Python asyncio pipeline setup
Python asyncio can be quite tricky to work with. We'll look at constructing a very basic pipeline to help with those IO heavy jobs.
When dealing with a lot of IO a naive program will idle a lot, waiting on resources. Using Python asyncio a process can continue working on other parts of your program while it's waiting to, say, fetch something from disc. All the asyncio code can quickly clutter the most basic of programs, so I found it helpful to order the program into a clear pipeline if possible.
Here we will look at such a pipeline. Starting out with a few basic examples, and finishing with a more realistic use case.
Note that I've found that asyncio is only of use for IO bottlenecked programs.
Technically I think CPU heavy loads can be parallelized as well with ThreadPoolExecutor
, but I've never gotten any good results.
If you have a CPU heavy load I suggest you wrap the entire program in something else (multiprocessing)
or (if possible) switch to a language more suited for the task.
Basic setup
To start out, we'll look at a program that takes a string and changes it to upper case letter by letter.
It consists of
- Stage A, sends word, letter by letter
- Stage B, changes letter to uppercase and forwards it
- Stage C, accumulates result
Here's the code (see gist):
"""
Example program for basic asyncio pipeline.
Program takes string as input and converts it to upper case.
For sake of simplicity missing some "features", most notably error handling is absent.
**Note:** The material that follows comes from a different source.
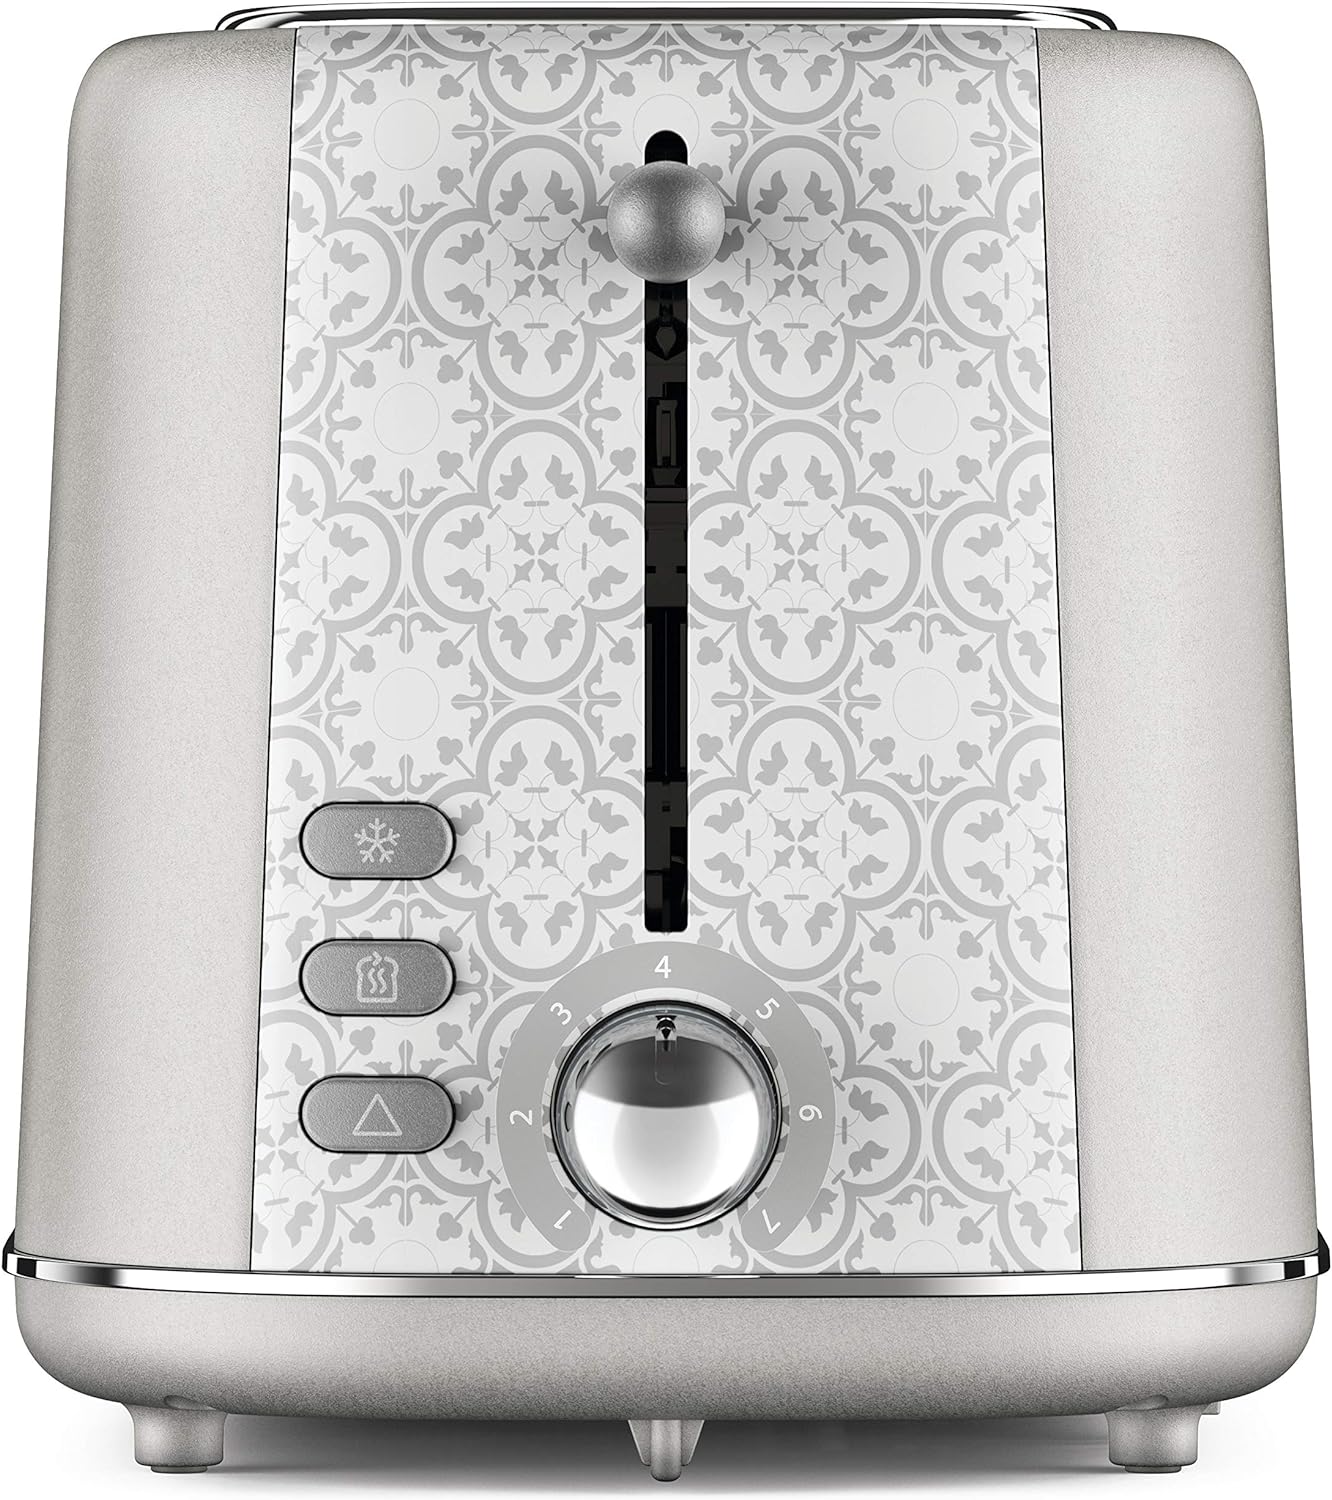 Kenwood Abbey Lux Toaster, 2 Slot Toaster, 7 Browning Settings, Reheat, Defrost and Cancel Functions, Pull Crumb Tray, Cord Storage, 800 W, TCP05.C0WH, Pure White

Errors will silenty prevent program completion in many cases.
"""
import asyncio
from dataclasses import dataclass
@dataclass()
class DataAB:
letter: str
@dataclass()
class DataBC:
letter: str
upper: str
result = ""
async def do_stepA(queue_out, input):
for letter in input:
print(f'A, sending {letter}')
await queue_out.put(DataAB(letter))
async def do_stepB(queue_in, queue_out):
while True:
data: DataAB = await queue_in.get()
# perform actual step
letter = data.letter
upper = letter.upper()
print(f'B, processed {upper}')
await queue_out.put(DataBC(letter, upper))
queue_in.task_done()
async def do_stepC(queue_in):
global result
while True:
data: DataBC = await queue_in.get()
# perform actual step
letter = data.letter
upper = data.upper
print(f'C, {letter} changed to {upper}')
result += upper
queue_in.task_done()
async def main():
pipeline_in = 'hello world'
print(f'converting to upper case: {pipeline_in}')
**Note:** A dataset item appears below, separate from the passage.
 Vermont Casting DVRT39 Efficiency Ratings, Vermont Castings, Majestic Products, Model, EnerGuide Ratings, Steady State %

queue_AB = asyncio.Queue()
queue_BC = asyncio.Queue()
stepA = asyncio.create_task(do_stepA(queue_AB, pipeline_in))
stepB = asyncio.create_task(do_stepB(queue_AB, queue_BC))
stepC = asyncio.create_task(do_stepC(queue_BC))
await stepA
print('step A done')
await queue_AB.join()
print('queue A - B done')
stepB.cancel() # no more date is going to show up at B
await queue_BC.join()
print('queue B - C done')
stepC.cancel() # no more date is going to show up at C
print(f'main complete, result: {result}')
asyncio.run(main())
print('program complete')
For the input "hello"
this program produces the following output:
converting to upper case: hello
A, sending h
A, sending e
A, sending l
A, sending l
A, sending o
B, processed H
B, processed E
B, processed L
B, processed L
B, processed O
C, h changed to H
C, e changed to E
C, l changed to L
C, l changed to L
C, o changed to O
step A done
queue A - B done
queue B - C done
main complete, result: HELLO
program complete
Note that every stage in te pipeline is serverd by a single task. And note that the input is passed through the pipeline in order.
Waiting
When we add a random sleep to the stages the output is less clean, but still ordered.
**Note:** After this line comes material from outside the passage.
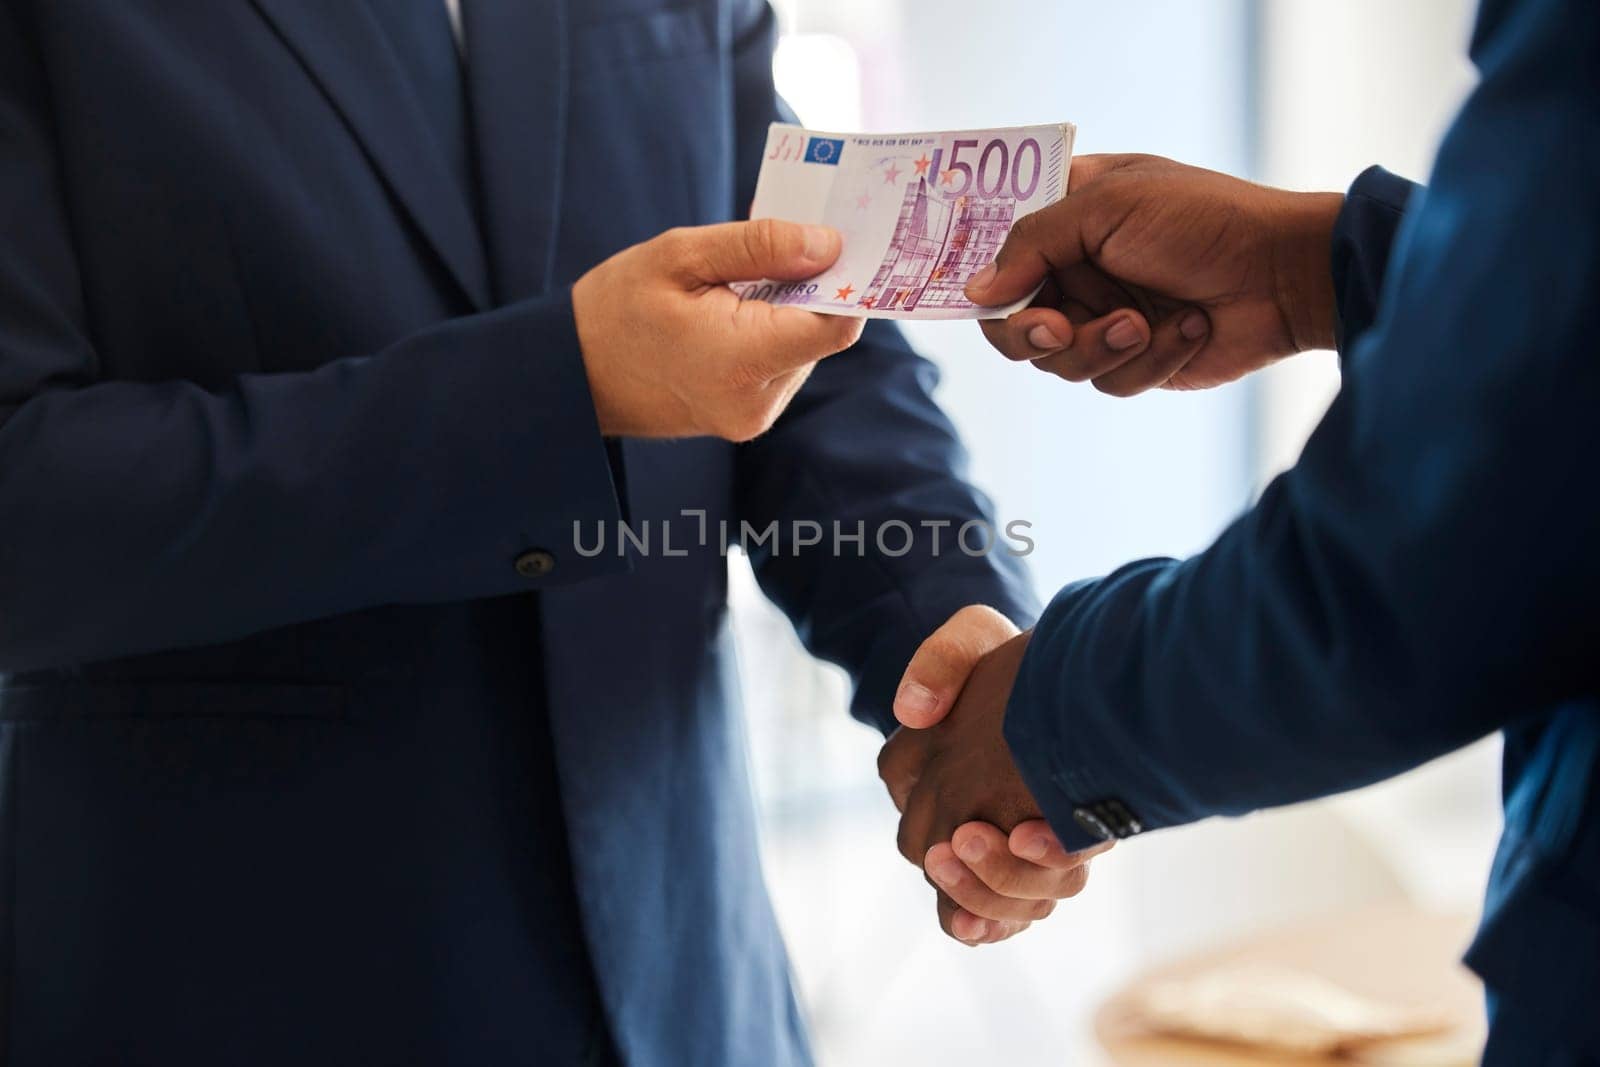 Business fraud, corruption handshake and money deal, scam and criminal giving euro notes, bribery payment and illegal trading offer. Bad politician shaking hands for crime, cash and money laundering by YuriArcurs

async def sleep_about(t: float):
sleep_s = t + 0.5 * random.random()
await asyncio.sleep(sleep_s)
async def do_stepA(queue_out, input):
for letter in input:
await sleep_about(0.1)
print(f'A, sending {letter}')
await queue_out.put(DataAB(letter))
async def do_stepB(queue_in, queue_out):
while True:
data: DataAB = await queue_in.get()
# perform actual step
letter = data.letter
upper = letter.upper()
await sleep_about(1)
print(f'B, processed {upper}')
await queue_out.put(DataBC(letter, upper))
queue_in.task_done()
The full program can be found here
For the input "hello"
the result now changes between runs, one such output is:
converting to upper case: hello
A, sending h
A, sending e
A, sending l
B, processed H
C, h changed to H
A, sending l
A, sending o
step A done
B, processed E
C, e changed to E
B, processed L
C, l changed to L
B, processed L
C, l changed to L
B, processed O
C, o changed to O
queue A - B done
queue B - C done
main complete, result: HELLO
program complete
Stage level concurrency
These example thus far have had a single task per stage. Even so for heavy IO programs you will likely see a speedup because there is still work available while waiting for IO. In certain cases it is possible to perform multiple of the same IO operations at the same time. Here it may pay of to run multiple tasks for the same stage.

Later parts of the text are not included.